Sumit Pai is a research engineer at Accenture Labs Dublin. His research interests include knowledge graphs, representational learning, computer vision and its applications. Sumit has also worked as an engineer (Computer Vision) at Robert Bosch, India. He has done his Masters in Neural Information Processing from University of Tübingen, Germany.
Nicholas McCarthy is a research scientist at Accenture Labs. His reseearch interests include computer vision, graph representation learning, data privacy and medical imaging. Prior to joining Accenture Labs Nicholas worked at the INSIGHT Research Center and the Complex and Adaptive Systems Laboratory in University College Dublin, Ireland.

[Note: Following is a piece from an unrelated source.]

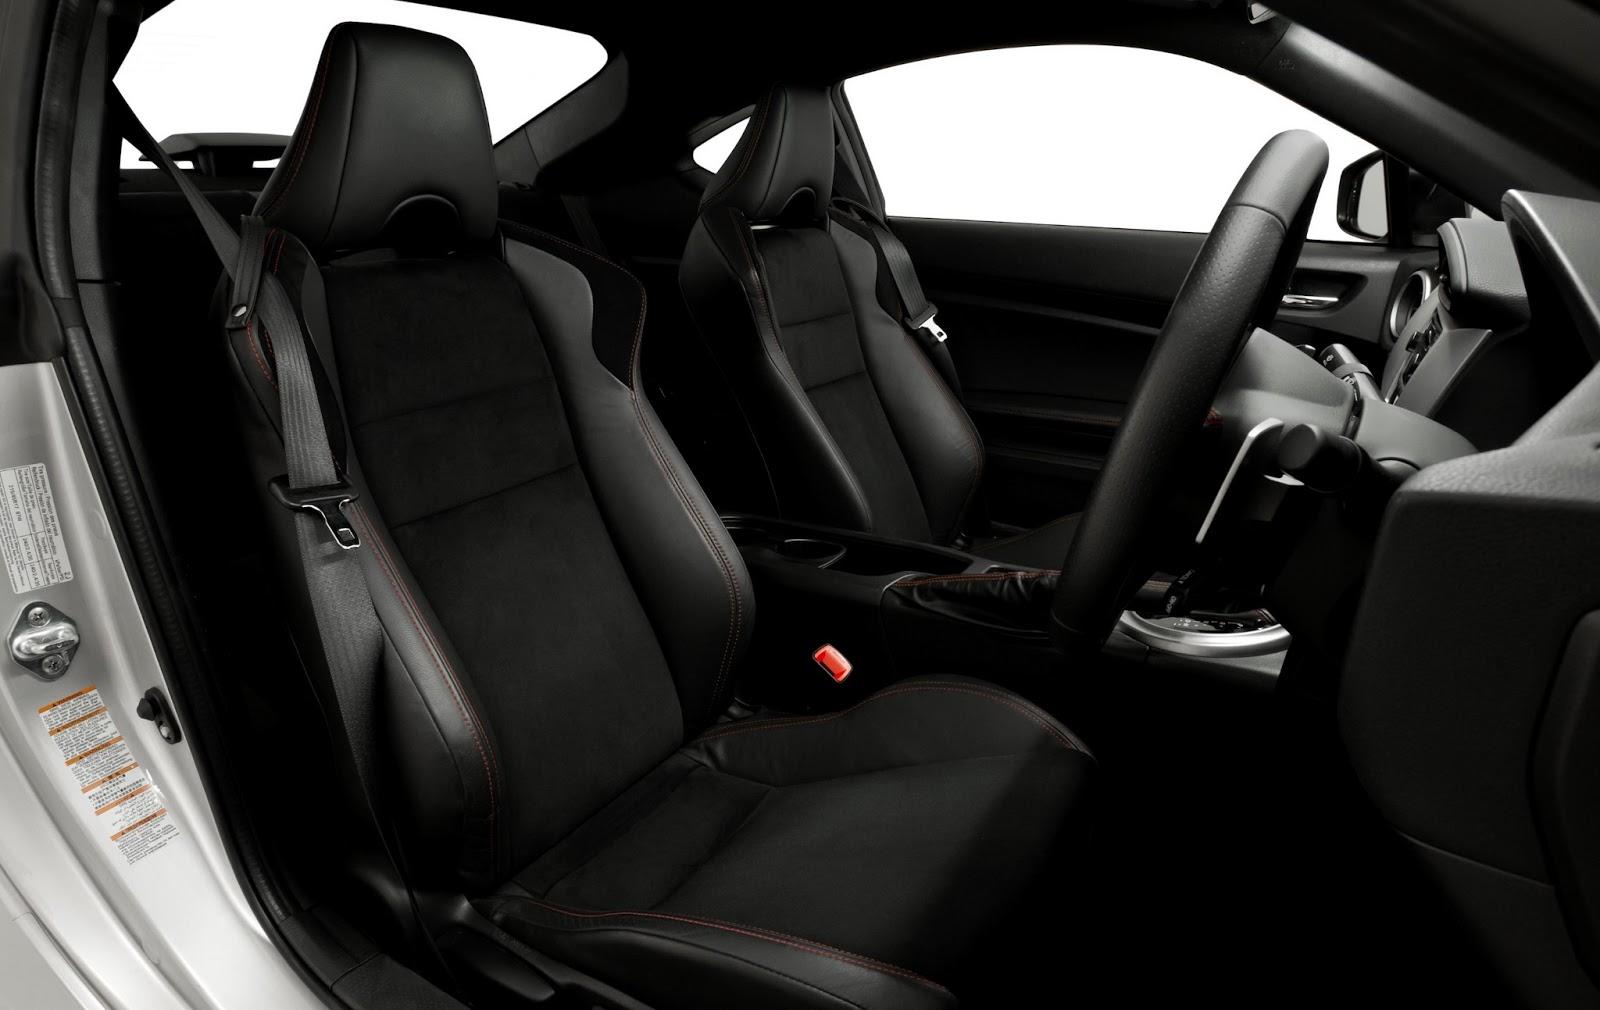 subaru sport - new subaru sports car - subaru brz car

Adrianna Janik is a research engineer at Accenture Labs Dublin. Her research interests are interpretability in machine learning, deep learning, and recently knowledge graphs. She has double Masters in Data Science with a minor in entrepreneurship from the European Institute of Innovation and Technology (EIT), at the University of Nice - Sophia Antipolis and at the Royal Institute of Technology, Stockholm. During studies, she did her thesis internship at the Montreal Institute for Learning Algorithms. She also has a Bachelors in Control Engineering and Robotics from the Wroclaw University of Technology and used to work as a software engineer at Nokia.